*** Dataset content Section Begins ***
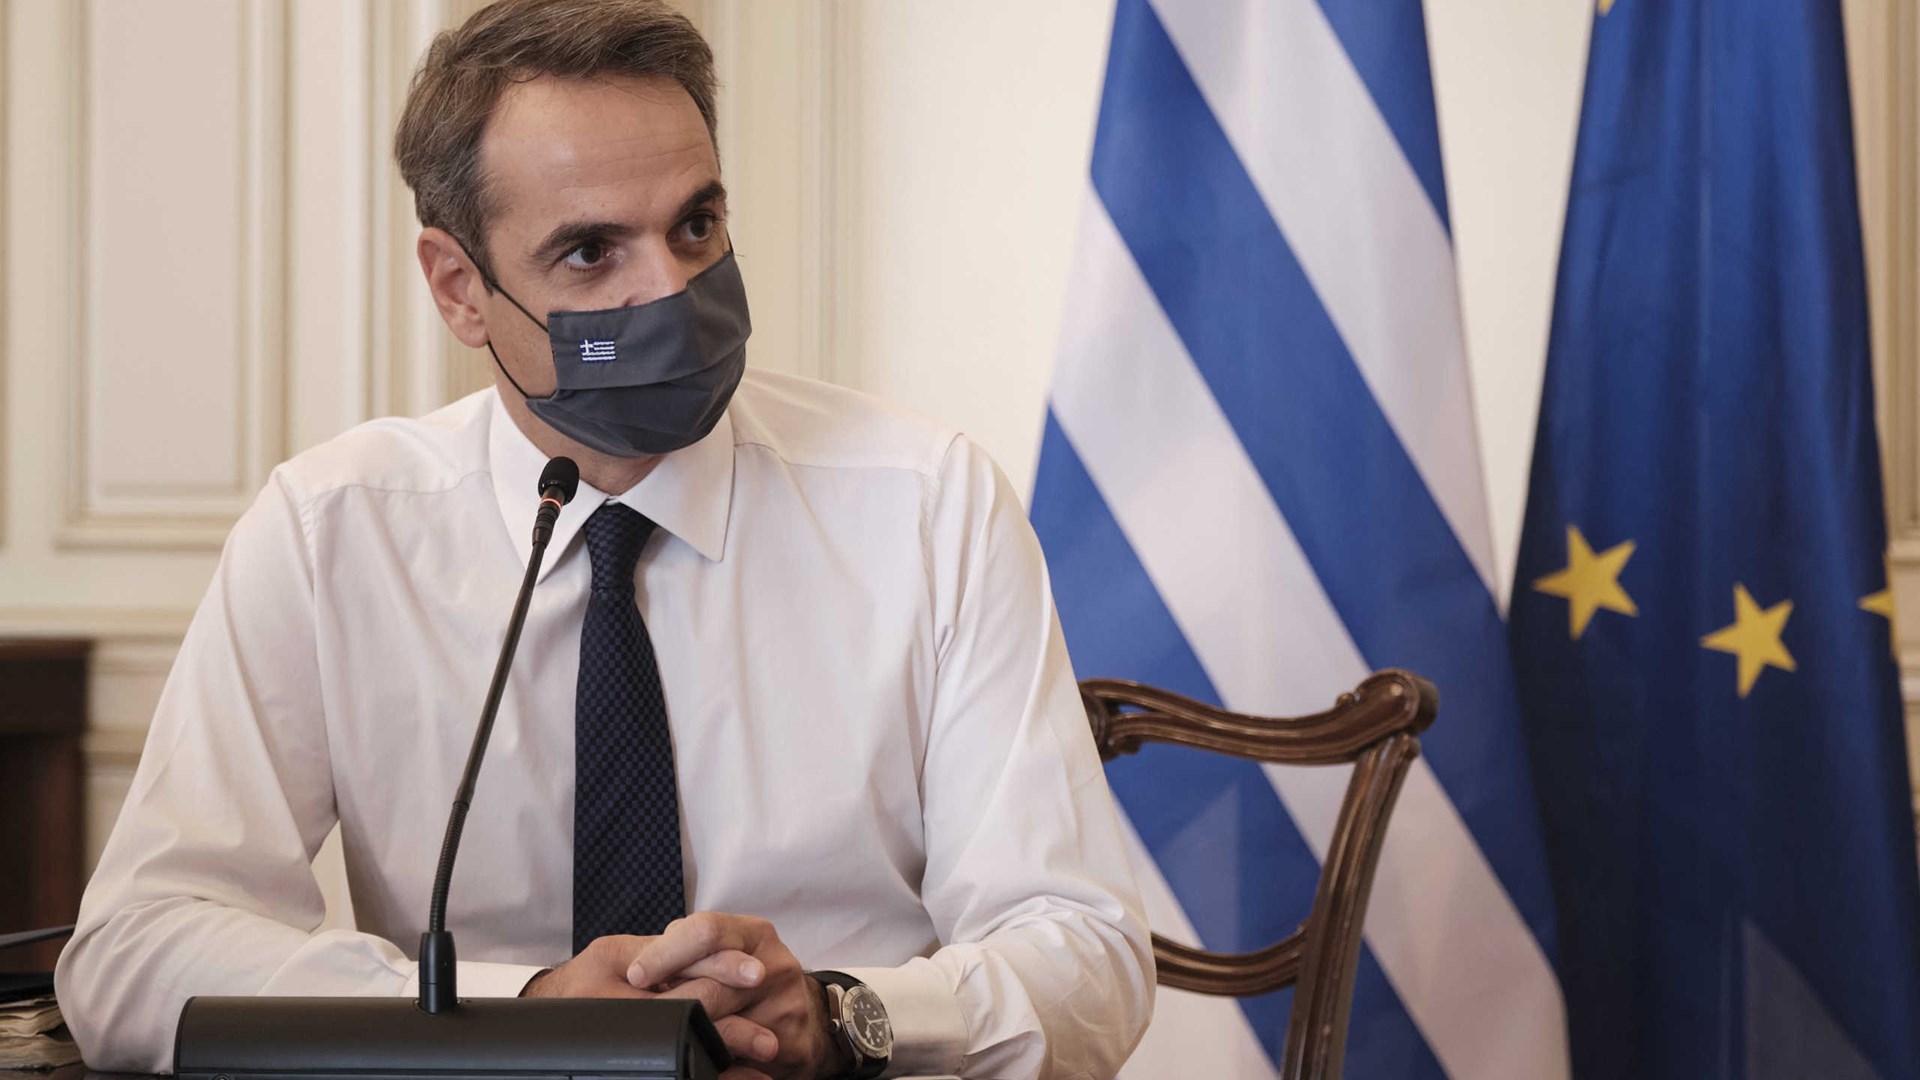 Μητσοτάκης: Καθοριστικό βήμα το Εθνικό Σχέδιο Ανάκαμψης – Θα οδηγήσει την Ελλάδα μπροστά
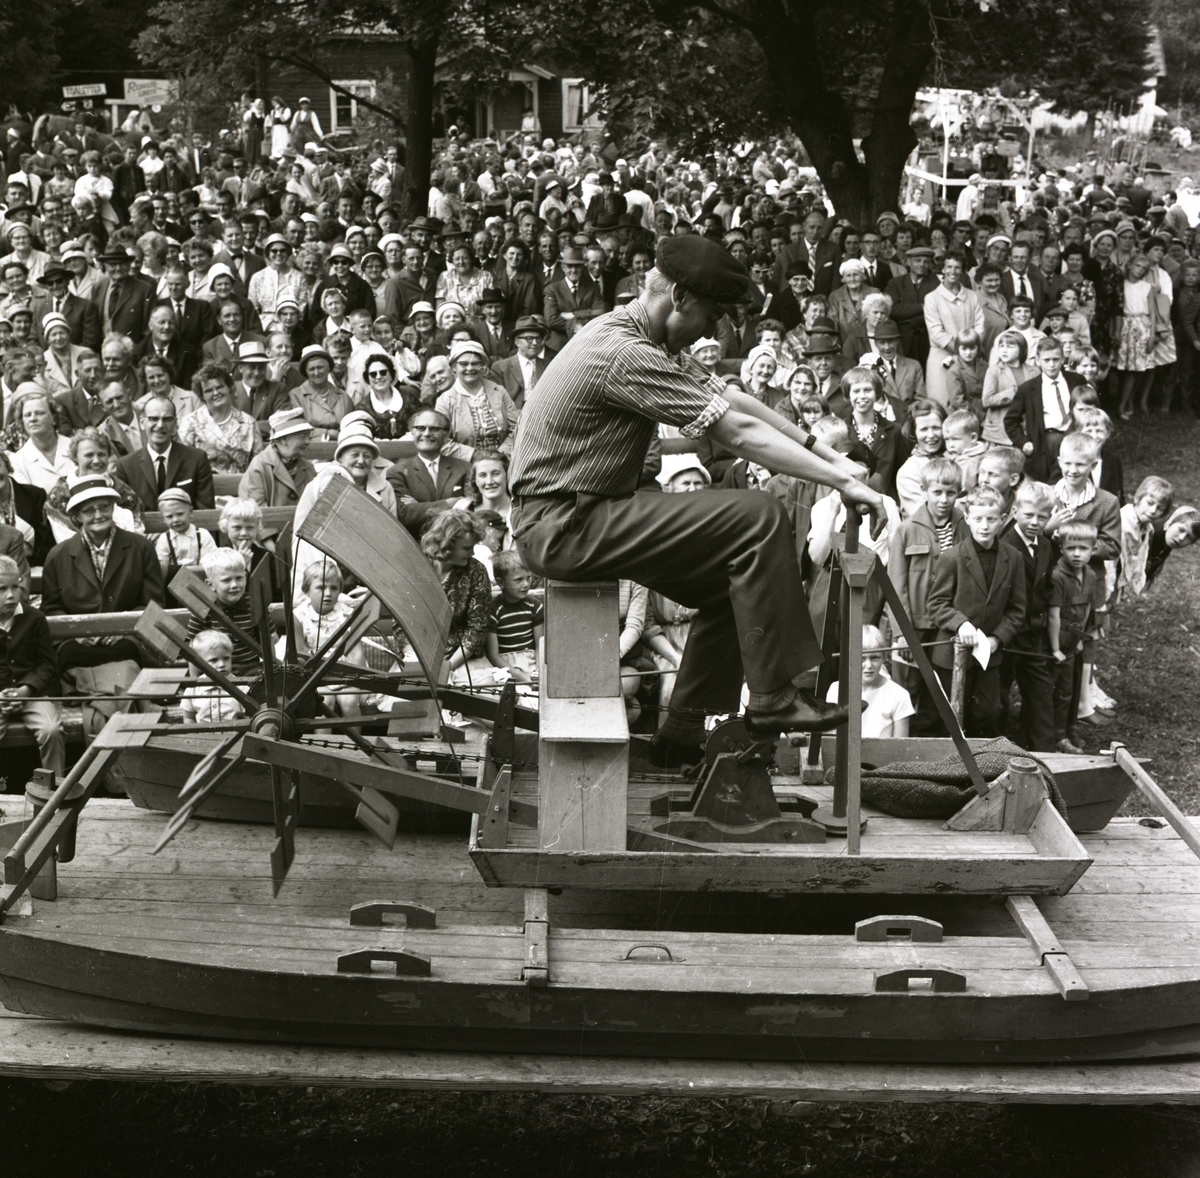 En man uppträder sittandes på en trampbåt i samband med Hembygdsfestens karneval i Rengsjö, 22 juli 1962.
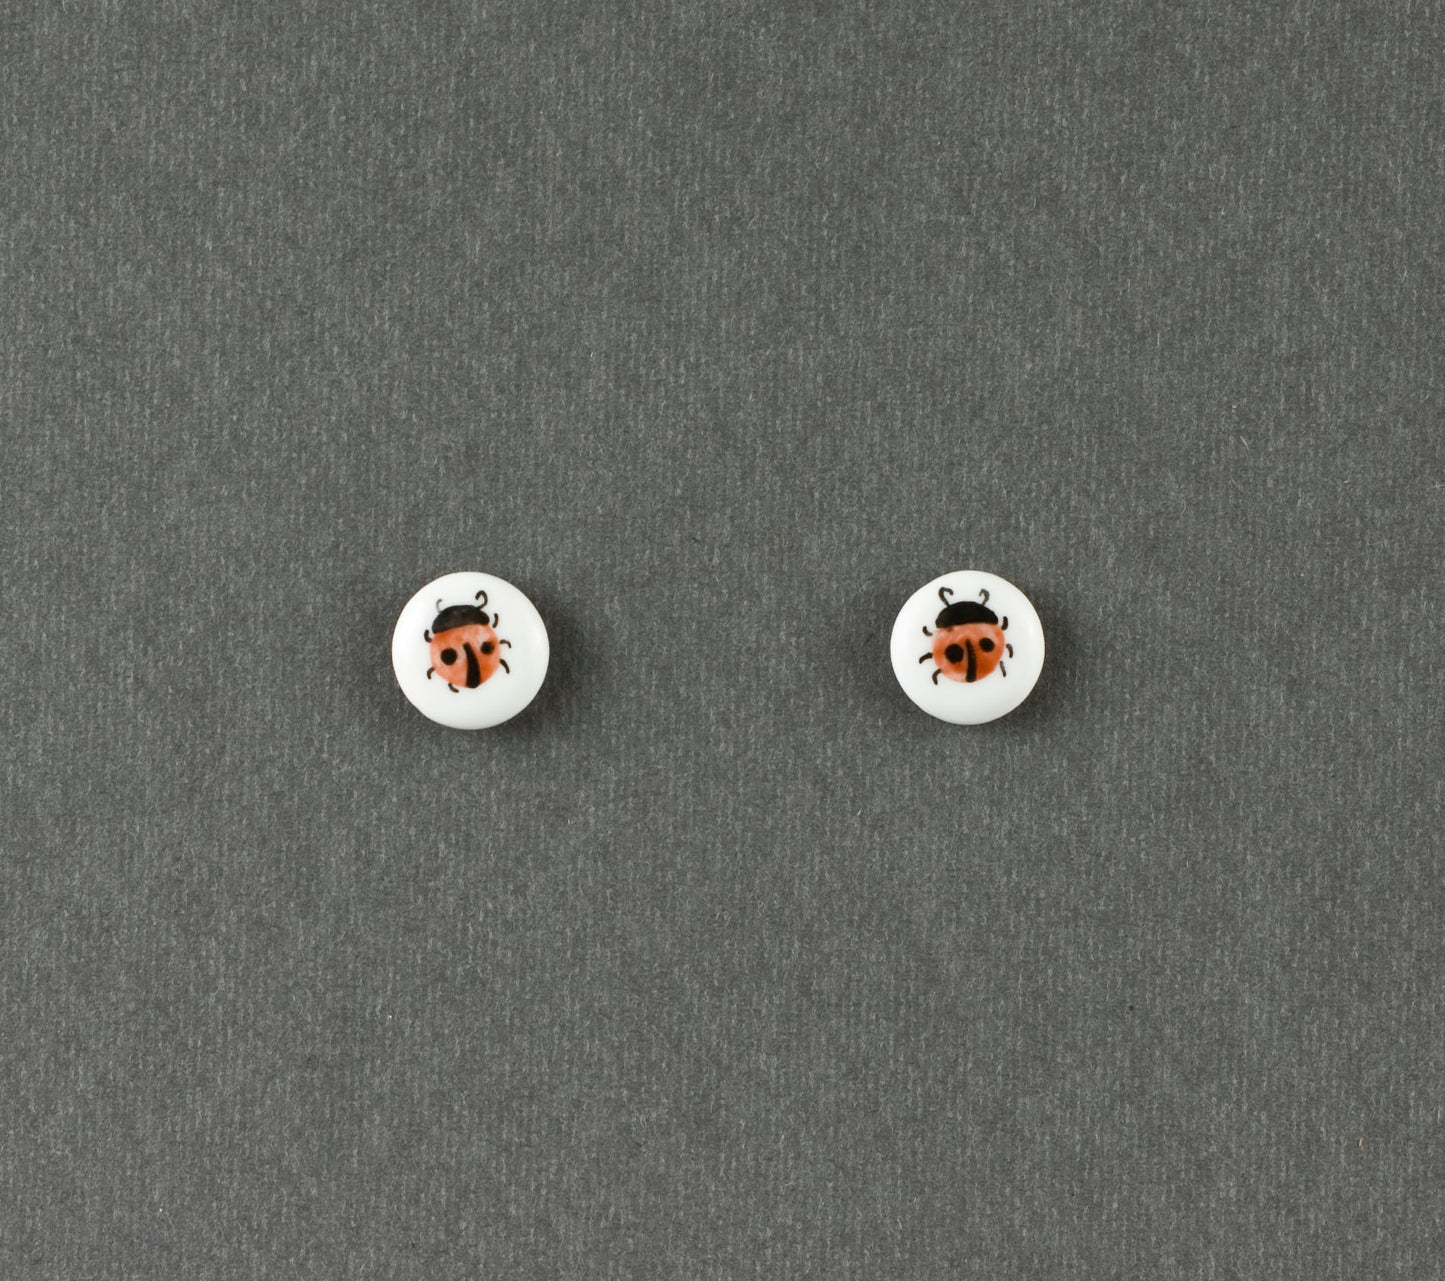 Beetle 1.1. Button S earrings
*** Dataset content Section Ends ***
*Task to carry out:* Write all the lines above out again exactly, minus the images.

*Result:*
 Μητσοτάκης: Καθοριστικό βήμα το Εθνικό Σχέδιο Ανάκαμψης – Θα οδηγήσει την Ελλάδα μπροστά
 En man uppträder sittandes på en trampbåt i samband med Hembygdsfestens karneval i Rengsjö, 22 juli 1962.
 Beetle 1.1. Button S earrings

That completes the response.